"Alliance" is the second album by Brussels industrial trio
K-Branding whose reputation was getting over Belgium limited borders thanks to incandescent live gigs (France, The Netherlands, Switzerland), a handful of CD-Rs and their first more than decent debut album, "Facial", two years earlier. Wire Magazine, yes the legendary and very influential 'Adventures in Modern Music' gold-diggers, had selected one track from the album on their Wire Tapper CD.
K-Branding was founded in 2004 and began as an experimental and pretty chaotic combo with free-jazz, industrial and tribal extroverted influences, the debut album "Facial" being an appropriate musical photography. On this record K-Branding was not only noise and confronting burst of poly-rhythms, lead-heavy distorted electronics and abrasive guitars, two and a half tracks could be best filed somewhere between dark ambient and drone music. Furthermore, the album shows much variety of textures and colors as a whole as well as inside almost each titles while keeping an impressive cohesiveness. To me, the closest musical family would be short-lived New-York noise band Laddio Bolocko minus the industrial part but with all the rest, the Americans too using saxophones, electronics, jazzier tribal rhythms, no wave/post-punk guitars and deliberate chaos. But despite the obvious energy deployed by the band, the recording failed to capture the electricity, the omnipresent tribal percussion sounded here and there a little muddy and too low in the mix, the general production being slightly subdued.
The second album "Alliance" shows none of the above mentioned reservations, and in two years time they had gained tremendously in focus, depth and power of purpose. Also it seems they applied the idiom "less is more" by containing their anarchic and confronting nature to deliver music which speaks more to the mind than to the guts, which absolutely doesn't mean this album is devoid of energy. I would say on the contrary, these guys could have been responsible for black-outs in their neighborhood each time they were rehearsing, there's enough electricity in this record to provide an entire town if not a whole Belgium-sized country, and informed people know this little Kingdom is using a hell of a lot of electricity. "Alliance" is also darker and colder than "Facial", more repetitive, but in many ways far more threatening. The violence is latent, crawling under the surface with punctual and efficient, because of it, burst of percussive tantrum and guitar epileptic improv freak-outs.

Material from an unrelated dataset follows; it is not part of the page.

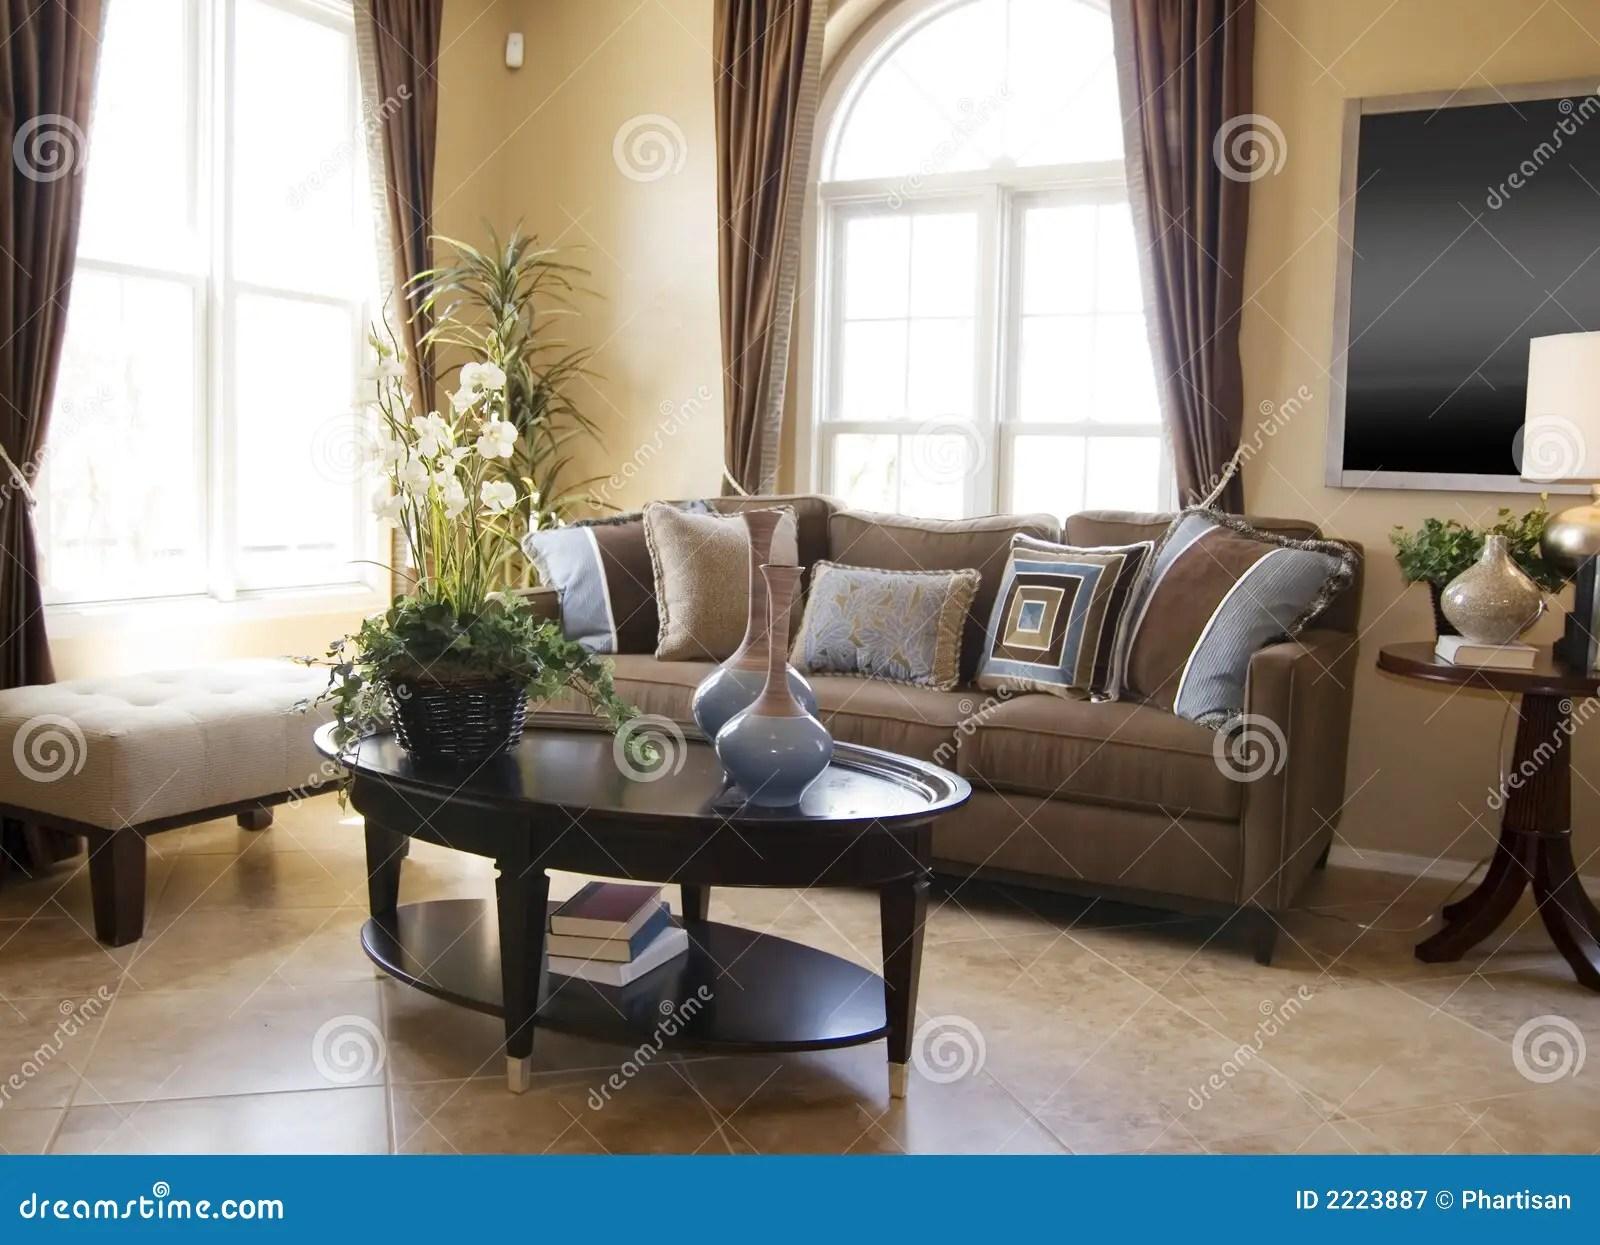 Beautiful Modern Interor Decor Royalty Free Stock Photography  Image 2223887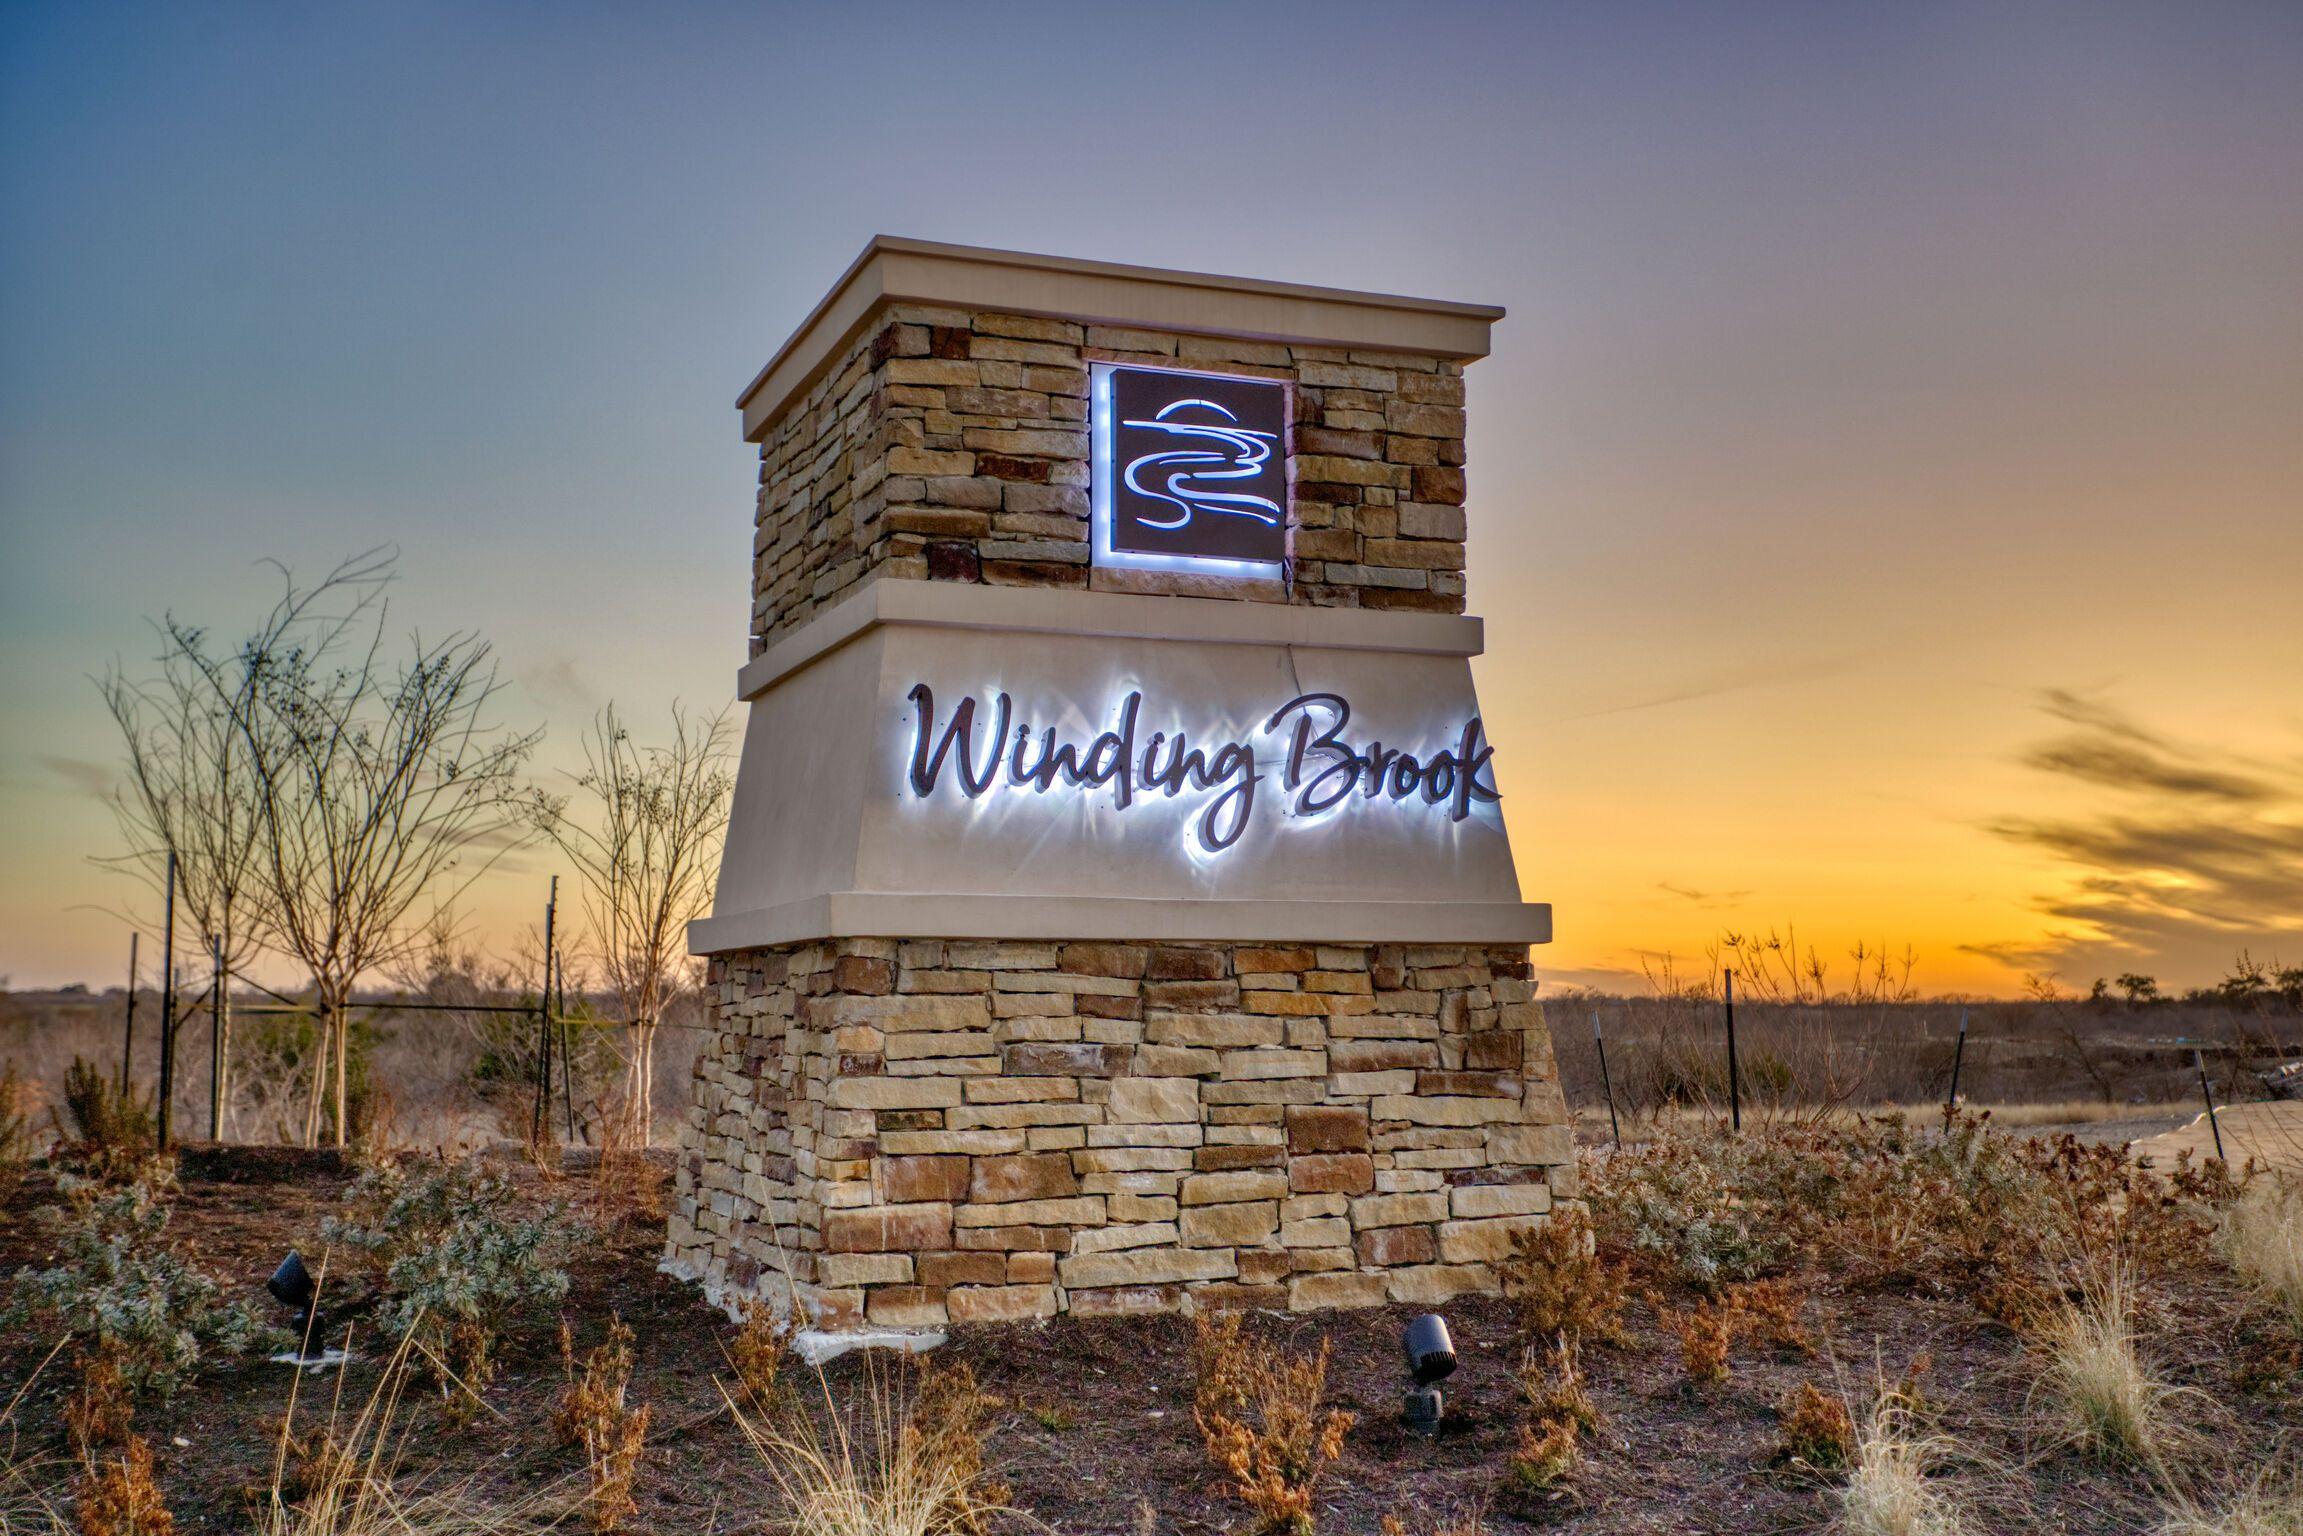 'Winding Brook' by M/I Homes-San Antonio in San Antonio

K-Branding was essentially a European combo, their influences can be found among some German industrialists Einstürzende Neubauten or even electropunks Liaisons Dangereuses, 80s Electronic Body Music with UK Nitzer Ebb, Belgian bands like a;GRUMH, The Neon Judgement, why not Front 242, Canadian Skinny Puppy (not European, so what?), etc. and the obvious UK experimental bands like Throbbing Gristle, Coil or Zoviet France.
Among contemporaries I would point out American band Liars, surely on tracks like "Empirism" and "Shields", but Liars at their most German, like on their magnum opus "Drum's Not Dead" (2006), but K-Branding shows on "Shields" an introspecting side which is closer to "Sisterworld". Outside of Europe, the trio seemed to dig American no wave and among the most experimental post-punk combos. The first album "Facial" was near completely instrumental, vocals were very rare, "Alliance" contains more vocals which sometimes remind me of the quite mannered parlandos in earlier Tuxedomoon's recordings.
However the most alien to industrial music influences are coming from the guitars, obviously the wild card of the band, which eclectic sounds are reminiscent of table-guitarist Keith Rowe (more than by the band acknowledged Derek Bailey, check out the live video below - except there's no table) mixed with a whole bunch of post-hardcore/post-punk obscure guitar heroes, above mentioned Liars, maybe Justin Broadrick in jazzcore band GOD. It is worth mentioning that gigantic saxophonist and composer John Zorn participated on one GOD's album and there are moments K-Branding seems to wink at Zorn's own Painkiller when saxophone, guitars, drums and electronic assaults are at their full.
Against all odds, and please forgive me the namedropping, these influences are just snippets, some more than others, but the whole album shows a band which was completely its own, K-Branding had incorporated their influences to the point of being just ingredients in order to cook their own personal musical concoction.
K-Branding delivered an exceptional album in all meanings of the word, very varied and homogeneous, sometimes intensively oppressive like on "Astral Feelings" (maybe the weakest track, in my opinion), which makes you feel like being inside a nuclear reactor, or near shamanic in "Empirism", "Blurred Vision" ("Driller" on that Wire Tapper) and the second half of tour-de-force near ten-minute"Assente Cultura". Drones or dark ambient are now part of some tracks, the calm before the storm. "Alliance" is also one of the bleakest and darkest (the album cover is a perfect image) and most relentless albums heard in a while but it's certainly one solid and badass piece of work all along.